HESI RN
HESI RN Exit Exam 2023
1. A client with a history of hypertension is prescribed a beta-blocker. Which client statement indicates that further teaching is needed?
- A. ‘I will take my medication in the morning before breakfast.’
- B. ‘I should avoid eating foods high in potassium.’
- C. ‘I should change positions slowly to avoid dizziness.’
- D. ‘I should avoid abrupt discontinuation of the medication.’
Correct answer: B
Rationale: The correct answer is B: ‘I should avoid eating foods high in potassium.’ This statement indicates a misunderstanding as beta-blockers do not typically affect potassium levels. The other choices (A, C, and D) are all appropriate statements for a client prescribed a beta-blocker. Choice A shows understanding of the timing of medication administration, choice C addresses orthostatic hypotension concerns, and choice D highlights the importance of not abruptly stopping the medication to prevent adverse effects.
2. A client with end-stage renal disease (ESRD) is scheduled for hemodialysis. Which laboratory value should be closely monitored before the procedure?
- A. Serum creatinine of 2.0 mg/dl
- B. Serum potassium of 5.5 mEq/L
- C. Serum calcium of 8.0 mg/dl
- D. Hemoglobin of 12 g/dl
Correct answer: B
Rationale: A serum potassium level of 5.5 mEq/L is concerning in a client with ESRD scheduled for hemodialysis as it indicates hyperkalemia, which can lead to serious cardiac complications. Hyperkalemia can be exacerbated during hemodialysis, making it crucial to closely monitor serum potassium levels before the procedure. Monitoring serum creatinine, serum calcium, or hemoglobin levels is important in managing ESRD but is not the immediate focus before hemodialysis. Therefore, option B is the correct choice.

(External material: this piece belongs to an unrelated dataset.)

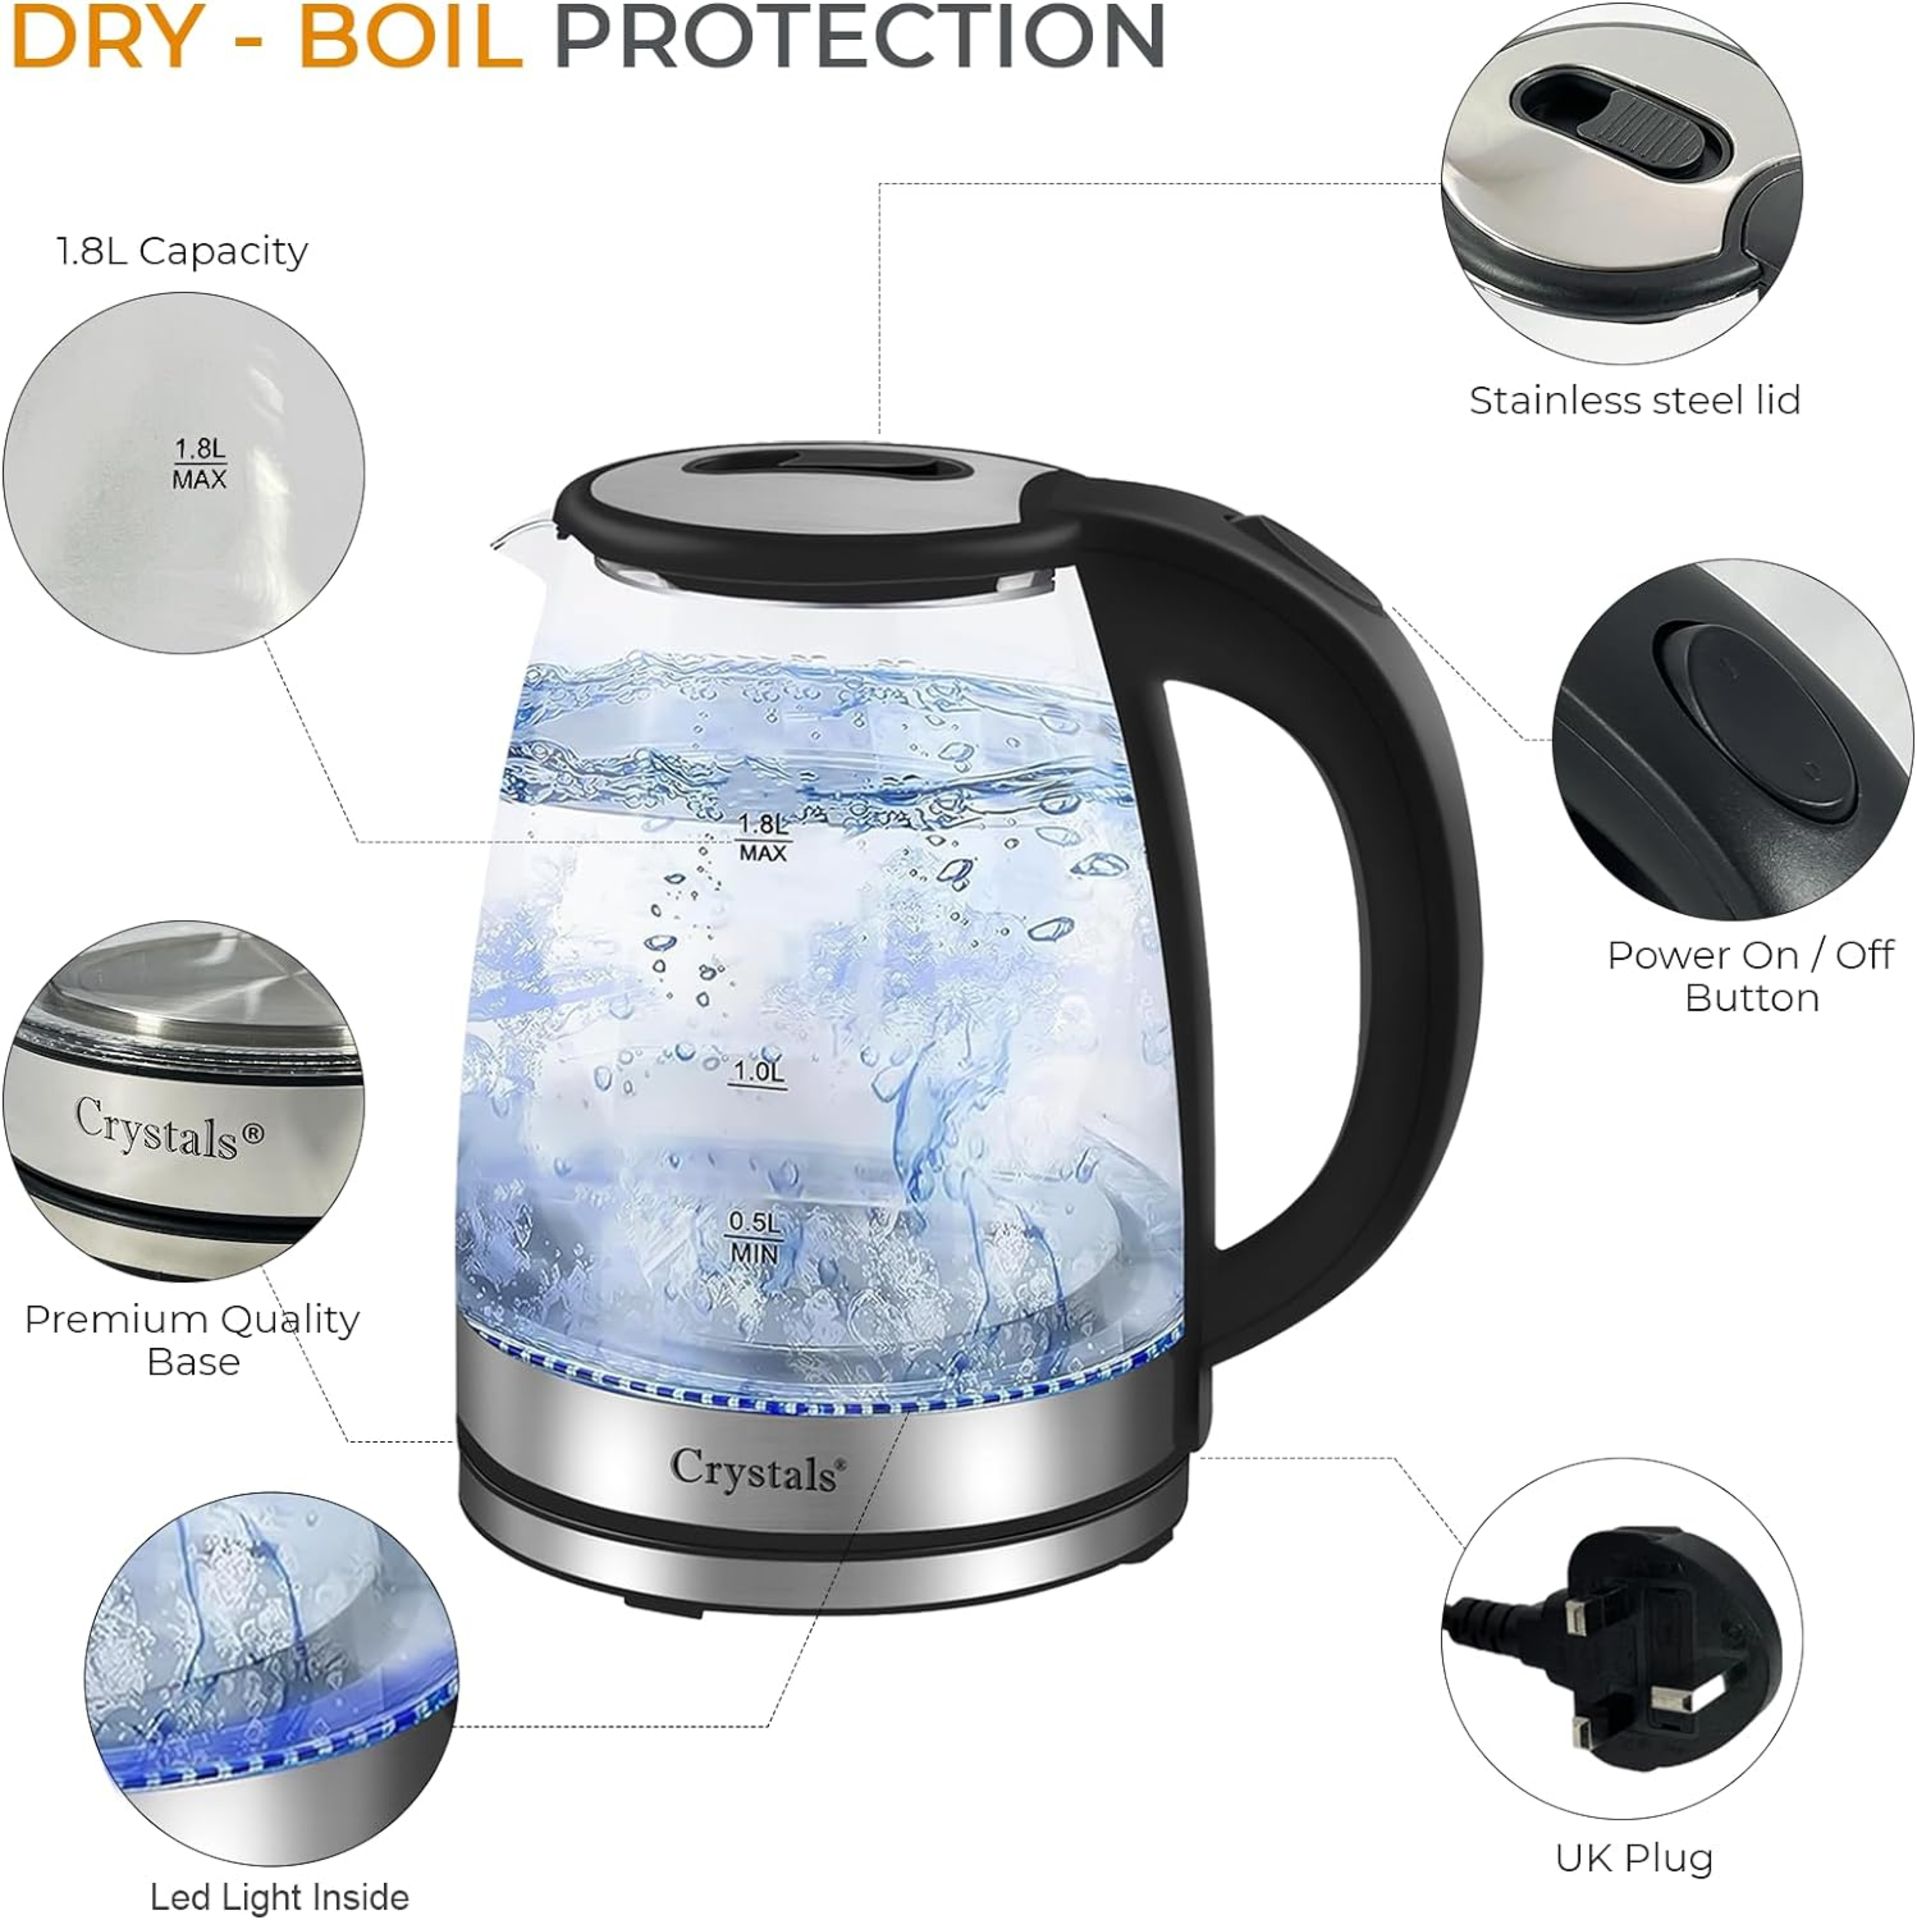 Crystals 1.8L/1500W Glass Electric Kettles, Glass Kettle With Blue LED and Boil Dry Protection, C...

3. The nurse is caring for a client with acute respiratory distress syndrome (ARDS) who is receiving mechanical ventilation. Which assessment finding requires immediate intervention?

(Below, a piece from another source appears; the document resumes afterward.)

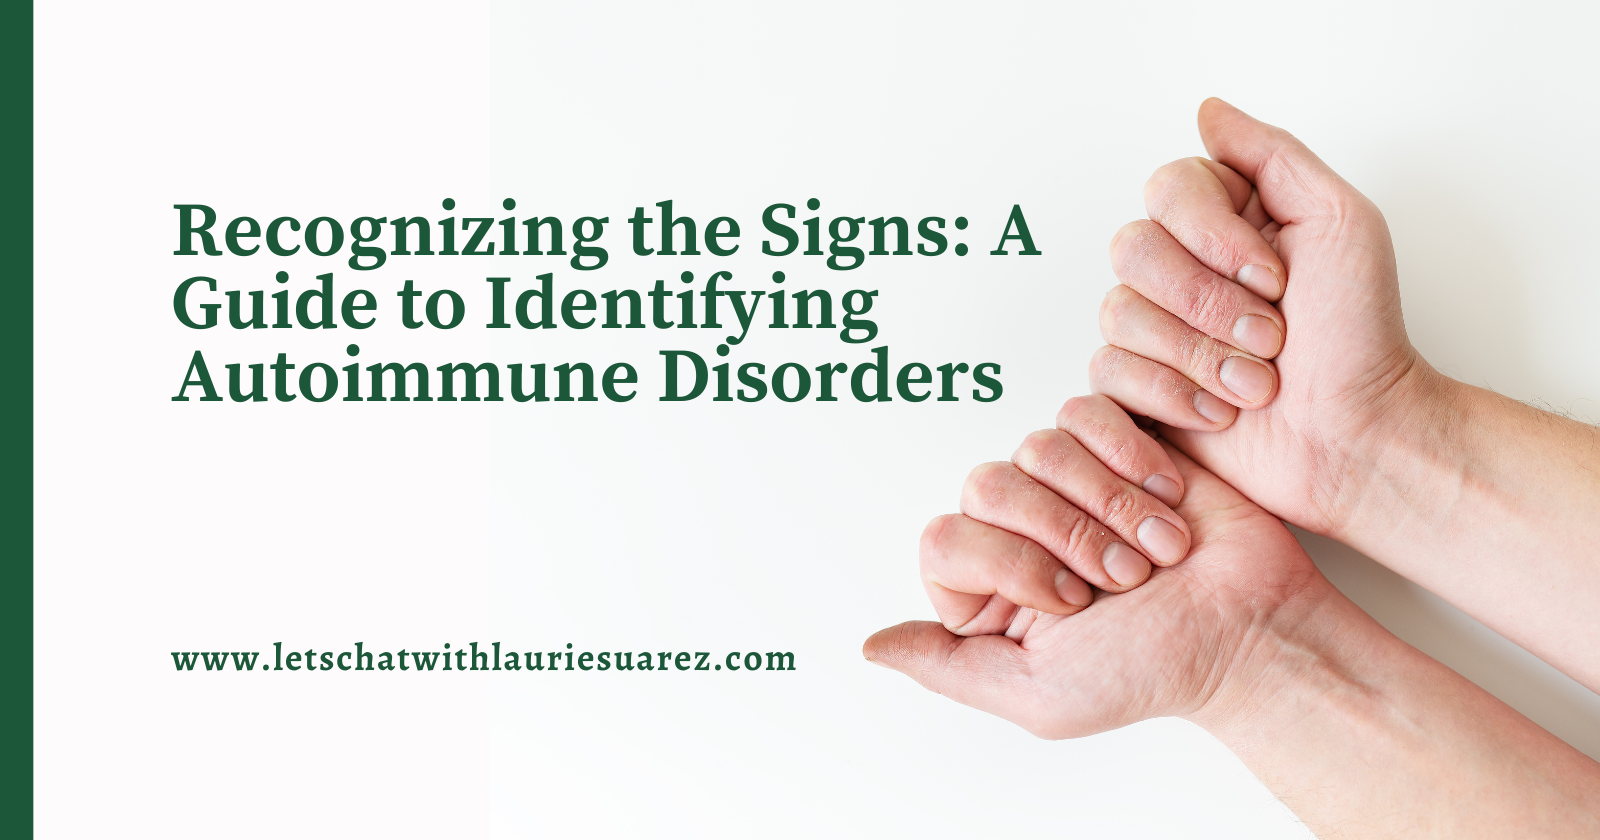 Recognizing the Signs of Autoimmune Disorders

- A. Oxygen saturation of 90%
- B. Respiratory rate of 28 breaths per minute
- C. Tidal volume of 300 ml
- D. Blood pressure of 110/70 mmHg
Correct answer: C
Rationale: The correct answer is C. A tidal volume of 300 ml is concerning in a client with ARDS on mechanical ventilation because it indicates hypoventilation, which can lead to inadequate gas exchange and worsening respiratory status. This finding requires immediate intervention to optimize ventilation and oxygenation. Options A, B, and D are not as critical in this scenario. An oxygen saturation of 90% may be acceptable depending on the client's baseline condition and the target range set by the healthcare provider. A respiratory rate of 28 breaths per minute is slightly elevated but may not be immediately alarming. A blood pressure of 110/70 mmHg is within normal limits and does not require urgent intervention.
4. While performing a skin inspection for a female adult client, the nurse observes a rash that is well circumscribed, has silvery scales and plaques, and is located on the elbows and knees. These assessment findings are likely to indicate which condition?
- A. Tinea corporis
- B. Herpes zoster
- C. Psoriasis
- D. Drug reaction
Correct answer: C
Rationale: The correct answer is C, Psoriasis. Psoriasis commonly presents with well-circumscribed, silvery scales and plaques, typically found on extensor surfaces like elbows and knees. Tinea corporis (A) presents as a circular rash, herpes zoster (B) presents as a painful rash following a dermatomal pattern, and drug reactions (D) have variable presentations not specific to elbows and knees with silvery scales and plaques.
5. A mother brings her 6-year-old child, who has just stepped on a rusty nail, to the pediatrician's office. Upon inspection, the nurse notes that the nail went through the shoe and pierced the bottom of the child's foot. Which action should the nurse implement first?
- A. Cleanse the foot with soap and water and apply an antibiotic ointment
- B. Provide teaching about the need for a tetanus booster within the next 72 hours.
- C. Have the mother check the child's temperature every 4 hours for the next 24 hours
- D. Transfer the child to the emergency department to receive a gamma globulin injection
Correct answer: A
Rationale: The correct first action for the nurse to implement is to cleanse the foot with soap and water and apply an antibiotic ointment to prevent infection. In cases of puncture wounds like stepping on a rusty nail, the immediate concern is to reduce the risk of infection. Providing teaching about the need for a tetanus booster within the next 72 hours is important as well, but it should come after the wound is cleansed. Checking the child's temperature and transferring to the emergency department for a gamma globulin injection are not the immediate priorities in this scenario.